> **Information provided**
= = = = =

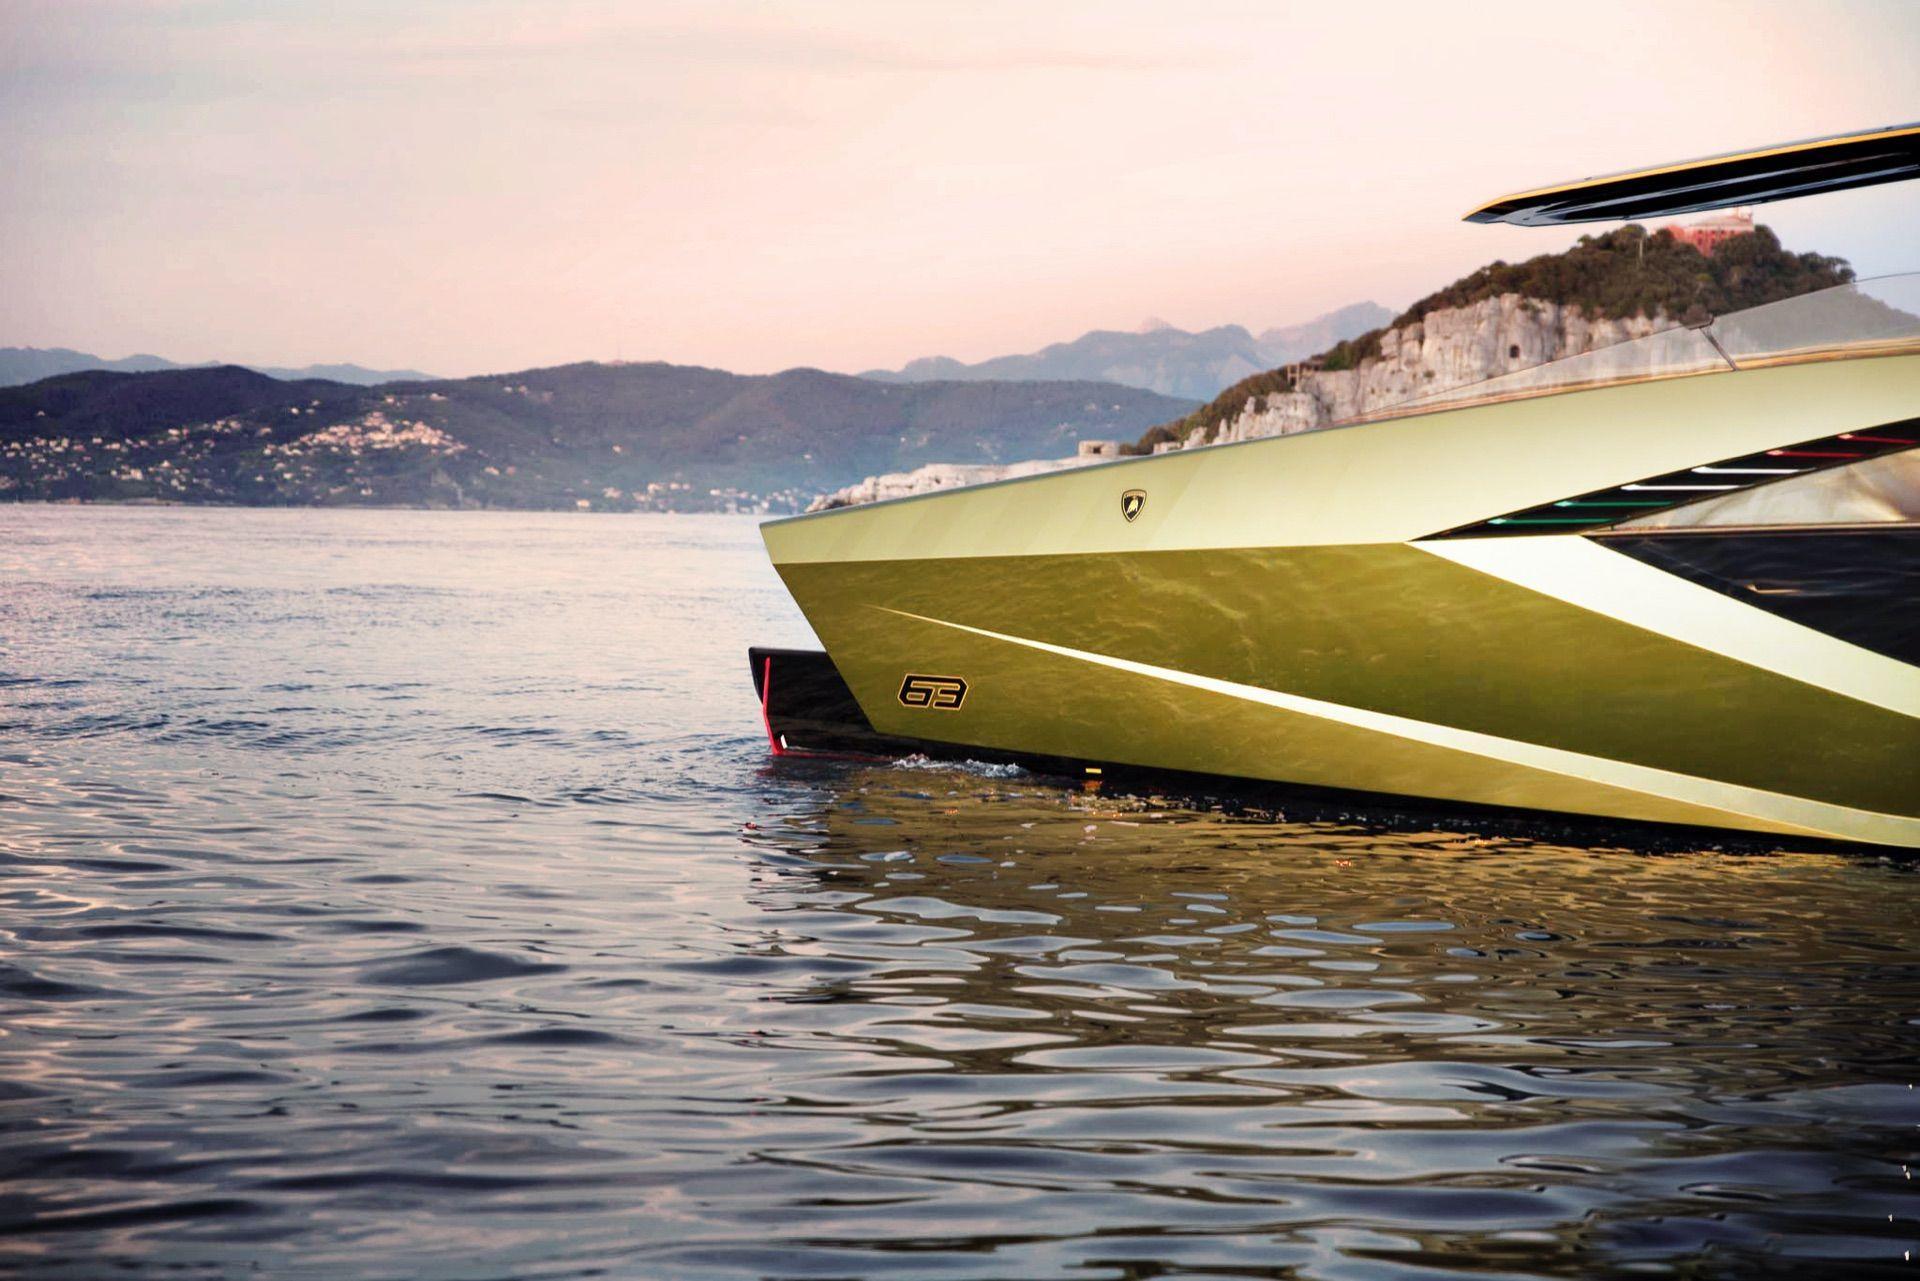 Tecnomar-Lamborghini-63-Yacht-9
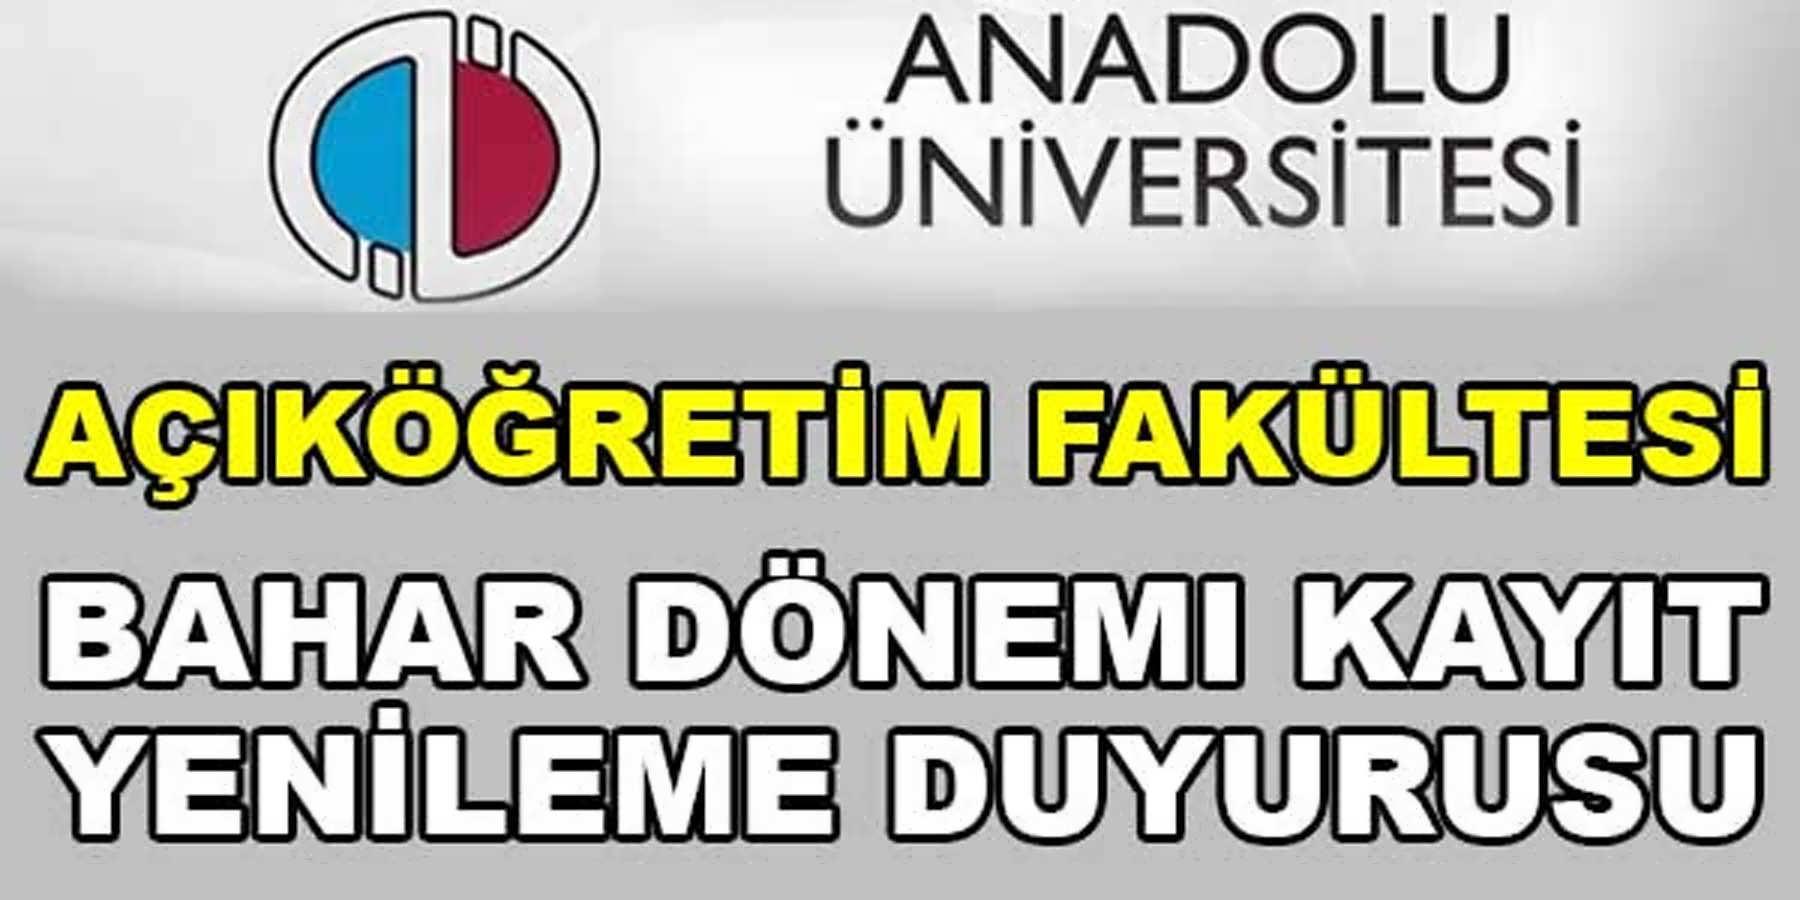 Anadolu Üniversitesi Açıköğretim Fakültesi 2016 Kayıt Yenileme Belli Oldu
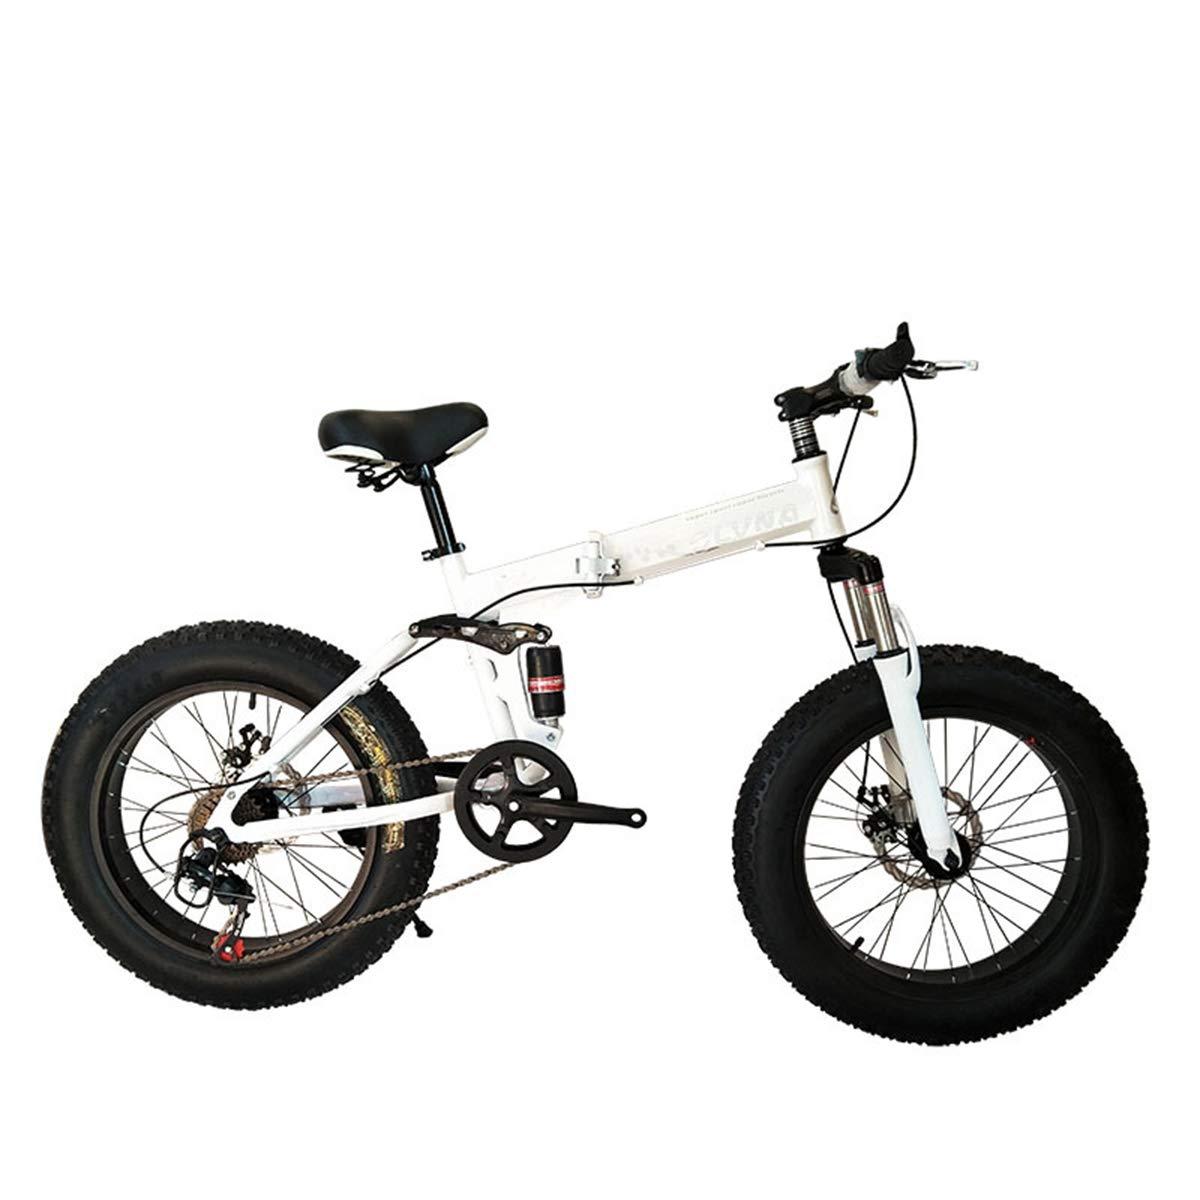 Dapang Bicicleta de montaña Plegable, 20 Pulgadas, Velocidad 21/24/27, Engranajes Shimano con Llantas de 4.0

= = = = =

> **Exercise brief**
In transcribing the material above, reproduce each line exactly and include none of the pictures.

> **Task response**
 Tecnomar-Lamborghini-63-Yacht-9
 Anadolu Üniversitesi Açıköğretim Fakültesi 2016 Kayıt Yenileme Belli Oldu
 Dapang Bicicleta de montaña Plegable, 20 Pulgadas, Velocidad 21/24/27, Engranajes Shimano con Llantas de 4.0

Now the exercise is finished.